**ASSIGNMENT:**
Beginning at the line that contains "Super Kirby World", return every remaining line of the data below exactly; return nothing before it.

**TASK INPUT:**
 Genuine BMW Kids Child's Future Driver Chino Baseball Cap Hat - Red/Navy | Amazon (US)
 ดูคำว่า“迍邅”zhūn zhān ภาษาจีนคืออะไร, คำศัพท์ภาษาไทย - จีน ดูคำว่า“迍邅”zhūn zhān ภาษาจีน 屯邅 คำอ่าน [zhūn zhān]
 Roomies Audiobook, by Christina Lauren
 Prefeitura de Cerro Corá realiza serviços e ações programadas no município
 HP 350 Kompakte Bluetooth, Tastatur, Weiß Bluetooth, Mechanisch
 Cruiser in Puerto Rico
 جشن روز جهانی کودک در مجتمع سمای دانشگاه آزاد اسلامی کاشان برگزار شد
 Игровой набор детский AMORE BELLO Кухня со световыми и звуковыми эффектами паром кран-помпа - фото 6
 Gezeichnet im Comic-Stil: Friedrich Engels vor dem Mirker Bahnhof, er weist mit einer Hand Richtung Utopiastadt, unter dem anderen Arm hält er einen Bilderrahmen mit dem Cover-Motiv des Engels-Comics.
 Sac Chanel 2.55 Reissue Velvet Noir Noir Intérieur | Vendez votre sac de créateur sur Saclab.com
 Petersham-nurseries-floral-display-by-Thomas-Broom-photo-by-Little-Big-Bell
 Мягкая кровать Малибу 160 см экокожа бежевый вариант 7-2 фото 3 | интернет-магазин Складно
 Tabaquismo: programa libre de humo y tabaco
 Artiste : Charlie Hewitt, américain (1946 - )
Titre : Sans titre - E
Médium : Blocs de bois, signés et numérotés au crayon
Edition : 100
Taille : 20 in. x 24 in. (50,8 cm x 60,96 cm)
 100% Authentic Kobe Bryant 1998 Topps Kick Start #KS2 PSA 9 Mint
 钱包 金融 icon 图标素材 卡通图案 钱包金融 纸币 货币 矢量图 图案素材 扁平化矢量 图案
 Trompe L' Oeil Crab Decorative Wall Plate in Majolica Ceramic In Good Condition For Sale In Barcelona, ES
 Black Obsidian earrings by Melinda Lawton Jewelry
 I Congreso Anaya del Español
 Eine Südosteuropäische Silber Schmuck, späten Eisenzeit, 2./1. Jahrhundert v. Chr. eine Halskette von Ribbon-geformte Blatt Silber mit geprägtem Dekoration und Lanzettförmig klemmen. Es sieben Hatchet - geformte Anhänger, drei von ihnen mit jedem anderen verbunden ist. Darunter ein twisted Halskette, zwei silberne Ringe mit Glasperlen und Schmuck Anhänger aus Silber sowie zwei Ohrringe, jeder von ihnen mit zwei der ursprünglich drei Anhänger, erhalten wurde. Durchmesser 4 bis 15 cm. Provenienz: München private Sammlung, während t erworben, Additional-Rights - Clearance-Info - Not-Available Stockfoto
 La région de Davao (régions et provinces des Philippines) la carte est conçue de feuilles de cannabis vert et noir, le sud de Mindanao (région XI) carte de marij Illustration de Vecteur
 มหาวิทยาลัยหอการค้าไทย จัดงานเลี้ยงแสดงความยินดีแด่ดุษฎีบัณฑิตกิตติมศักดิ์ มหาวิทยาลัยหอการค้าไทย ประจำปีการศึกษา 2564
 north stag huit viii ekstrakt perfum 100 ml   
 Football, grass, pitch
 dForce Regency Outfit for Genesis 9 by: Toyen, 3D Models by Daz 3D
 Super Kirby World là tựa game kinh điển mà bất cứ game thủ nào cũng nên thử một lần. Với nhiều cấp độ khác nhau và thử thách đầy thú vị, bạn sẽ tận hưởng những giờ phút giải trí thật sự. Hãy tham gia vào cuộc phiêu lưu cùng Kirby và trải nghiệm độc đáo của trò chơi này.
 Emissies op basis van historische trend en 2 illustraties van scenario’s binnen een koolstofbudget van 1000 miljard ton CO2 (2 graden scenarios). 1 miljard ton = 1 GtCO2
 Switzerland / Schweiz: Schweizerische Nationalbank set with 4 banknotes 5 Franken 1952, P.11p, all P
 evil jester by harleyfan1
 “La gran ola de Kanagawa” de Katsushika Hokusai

**TASK RESPONSE:**
 Super Kirby World là tựa game kinh điển mà bất cứ game thủ nào cũng nên thử một lần. Với nhiều cấp độ khác nhau và thử thách đầy thú vị, bạn sẽ tận hưởng những giờ phút giải trí thật sự. Hãy tham gia vào cuộc phiêu lưu cùng Kirby và trải nghiệm độc đáo của trò chơi này.
 Emissies op basis van historische trend en 2 illustraties van scenario’s binnen een koolstofbudget van 1000 miljard ton CO2 (2 graden scenarios). 1 miljard ton = 1 GtCO2
 Switzerland / Schweiz: Schweizerische Nationalbank set with 4 banknotes 5 Franken 1952, P.11p, all P
 evil jester by harleyfan1
 “La gran ola de Kanagawa” de Katsushika Hokusai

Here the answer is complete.